Torture Bill States Non-Allegiance To Bush Is Terrorism - includes (purported?) text from the bill.

17.9.06

A weekend of extremes

So I just finished watching all three Star Wars movies. Not the new ones - the originals. Not the new originals - the original originals. Kim talked me into buying another copy of Star Wars when we saw them reasonably priced at Costco - I had thought I might buy them again someday anyway, since the full-screen versions I had had not been panned-and-scanned very well at all. Since this latest iteration also included the original originals, it wasn't too hard for Kim to talk me into it.

So, now that I've watched all three original originals, I'm going backward through the new originals just for fun, just to pick out the changes. That's a lot of Star Wars.

We also bought one of those chicken pot pies at Costco - you know the ones that are literally a foot across? Well, I dared Kim to eat half of it in one sitting - I even had 10 dollars that said she couldn't. I figured I was the only one that silly. Well, she proved me wrong, although she let me know today that she hadn't felt much like breakfast, and wasn't too sure when she'd need to eat another meal.

Oh, and I finished Accelerando, so I shouldn't be having any more extremely strange dreams. But I did it by staying up until 5 am Saturday night (Sunday morning), and let me tell you, that's pretty late for me. (I fell asleep in the middle of Empire Strikes Back today.)

14.9.06

I had another dream...

...that I think came from reading Accelerando before bedtime. I'm especially sure about this one, because it featured a lobster!

And where the last dream might have seemed to have an interesting plot curve, this one actually had narration!

Of course, I don't remember the narration any more, but it was somewhere between the opening scences of a Twilight Zone episode, and the beginning of Sky Captain and the World of Tomorrow (which would have been a really good film if the cinematographer had remembered to wipe the smudge marks off the lens). Anyway, the narrator began by describing and listing all of these brilliant scientists - inventors, award winners, crucial paradigm operators in their fields - who were invited to work on a secret government project. As the narrator said "invited" we were shown the last scientist, a doctor Muller with a German moustache and a labcoat, confronted by the silhouettes of two trenchcoated secret agent types. Silent beneath the voiceover, they presented the good doctor with an "offer he couldn't refuse". (You couldn't see if they were holding guns or any kind of weapon, but the fear in Doctor Muller's eyes and the furtive glances toward the silhouettes told it all.)

The next we saw the professor, he was helmetless in a spacesuit, looking out the viewport of a classic rocket as it accelerated out of Earth orbit and toward a secret goverment space station.

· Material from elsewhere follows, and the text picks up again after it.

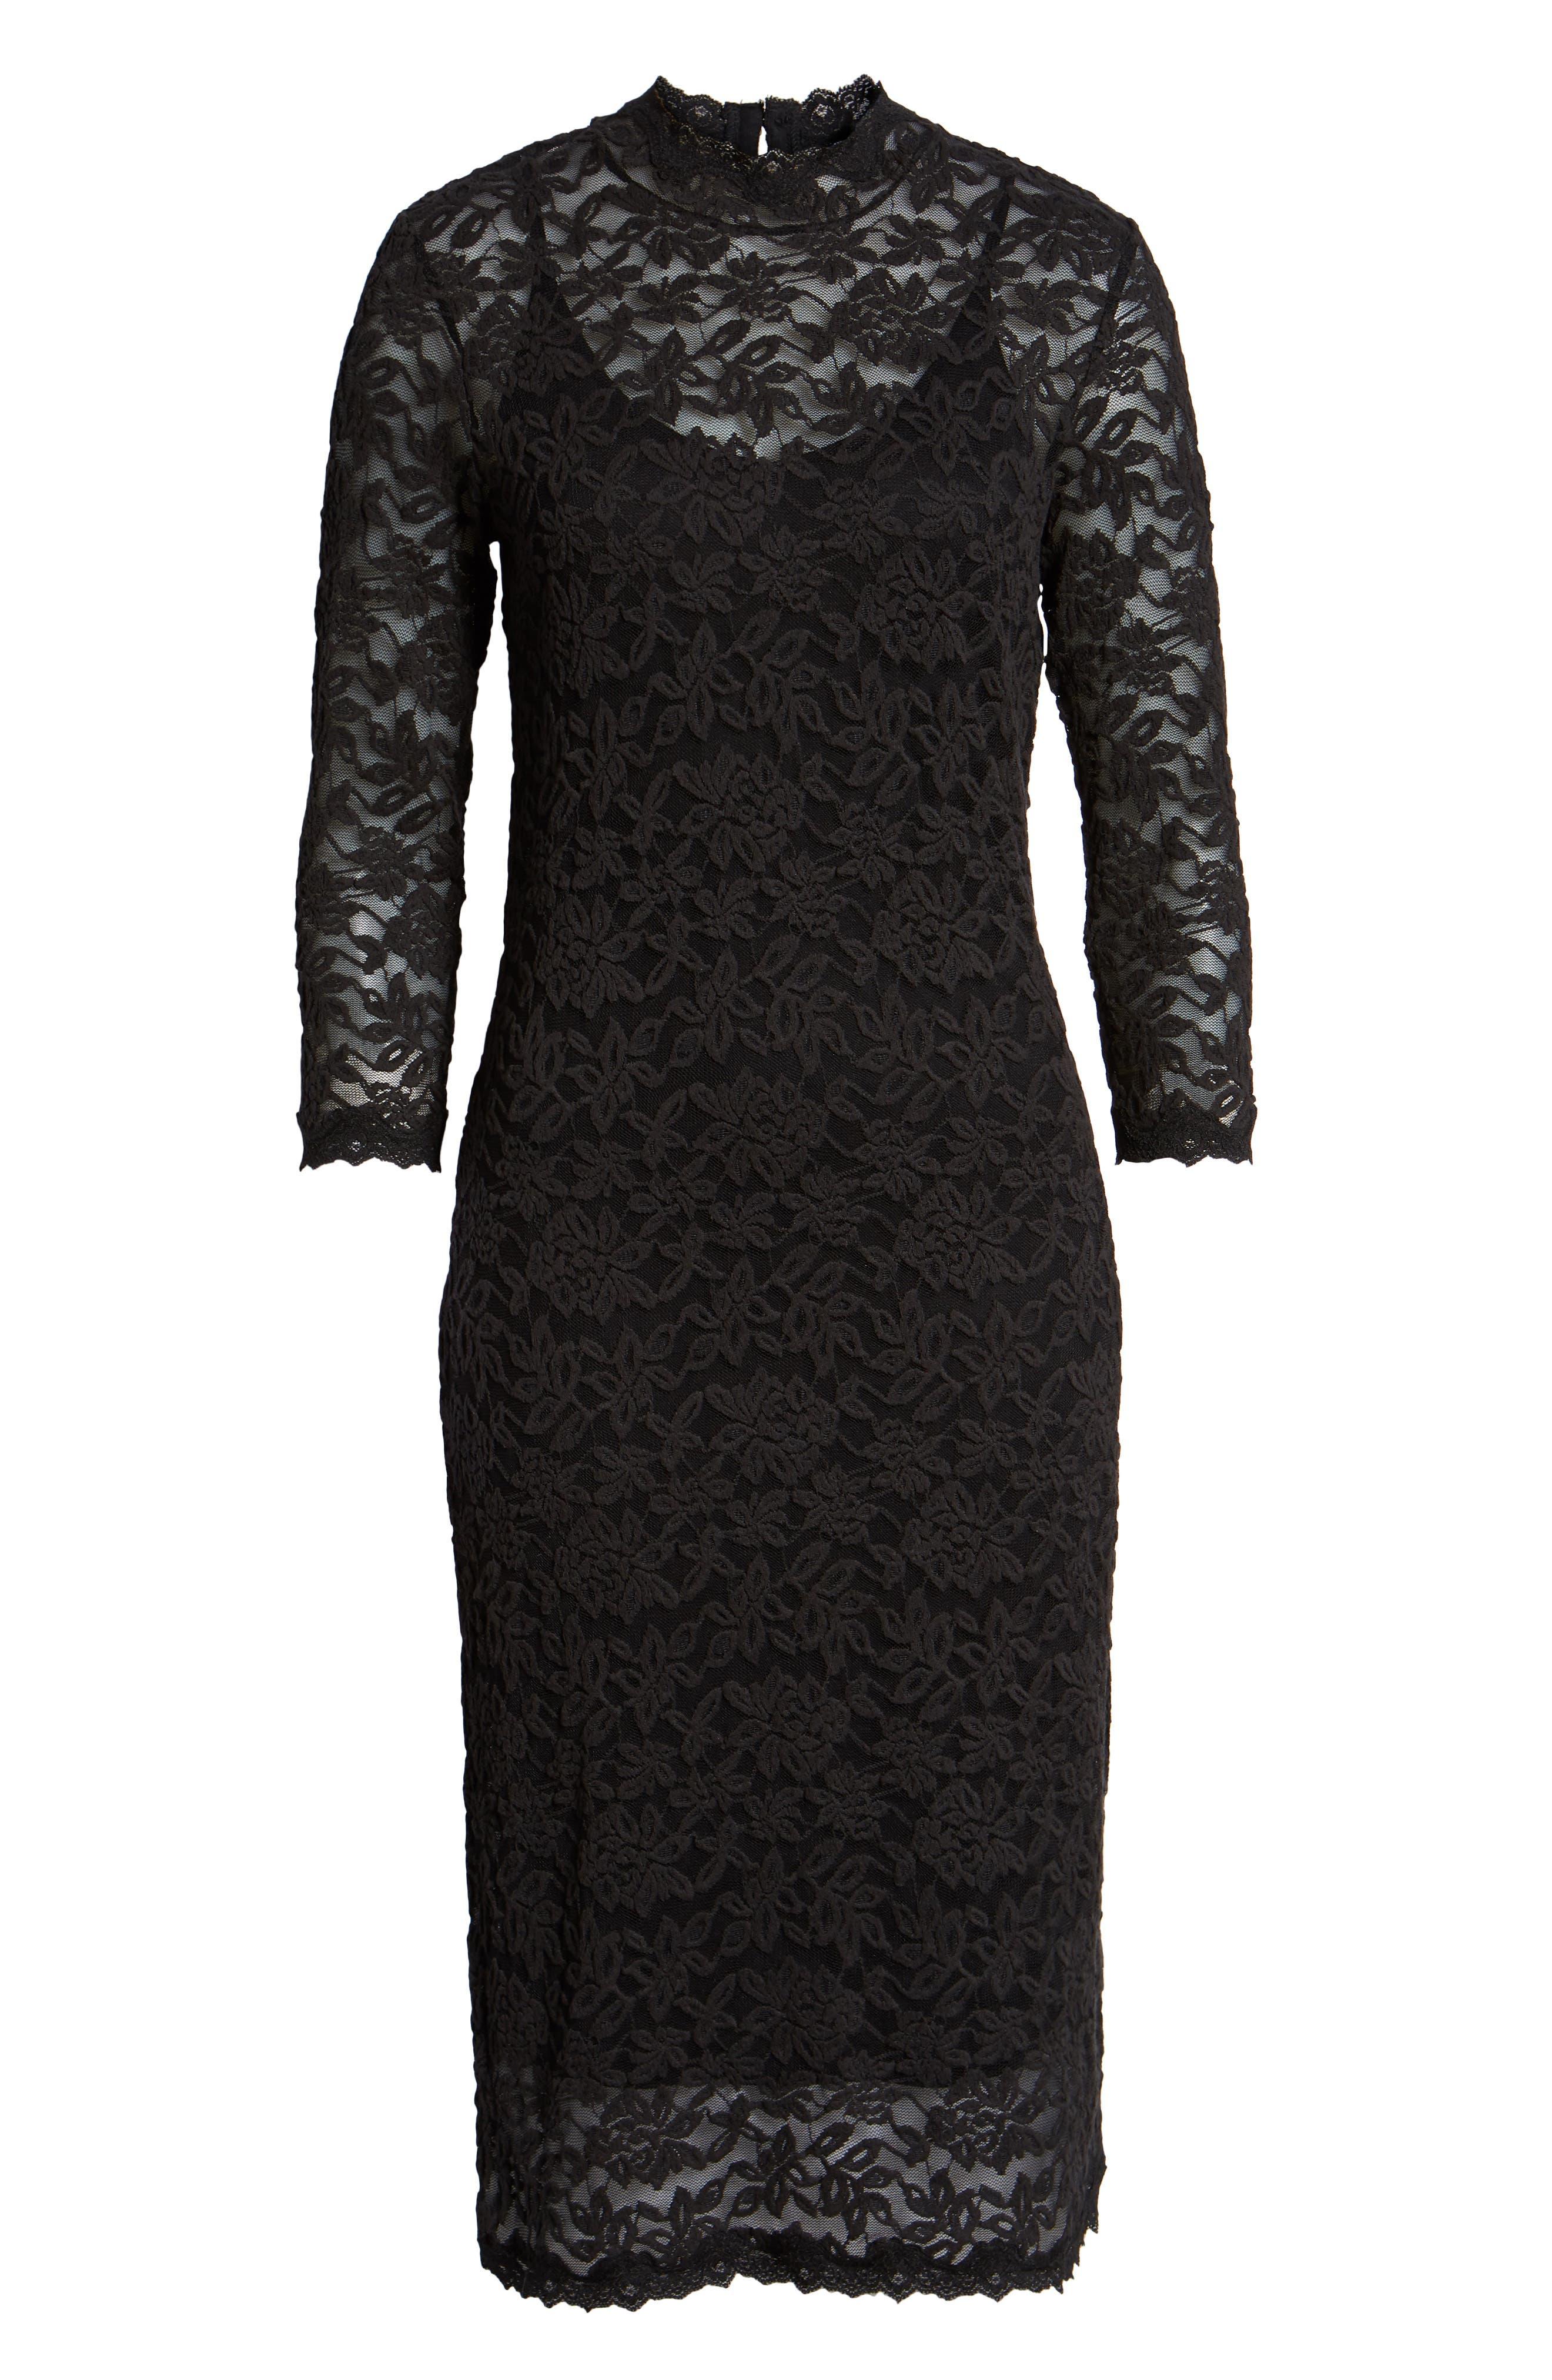 Delicia Lace Body-Con Dress,                             Alternate thumbnail 7, color,                             BLACK SILVER

He joined the 30-odd other scientists on the station working on "Murphy's Box". That name was said with a sinister dread, but we never saw over the scientist's back to what they were working on.

And then, it's explained. A giant blue-black lobster looms through deep space. Murphy's Box is just the body of any creature, but the term infers specifically to bodies pushed outside of their competence envelope along the squared-cubed rule curve. In microgravity, less strength (which is controlled by the Square - the area of the cross-section of a body's muscles) is needed to support mass (a factor of the Cube - that is, a three-dimensional body), so bodies can potentially be grown to enormous size. Lobsters, who don't feel pain and can theoretically continue growing as long as they live, were perfect test subjects.

The problems came when they adapted to empty space and started crawling around the outside of the space station.

I'm not too sure what the really dreadful scary part of it was, because once I saw that huge lobster, I high-tailed it out of there and woke up.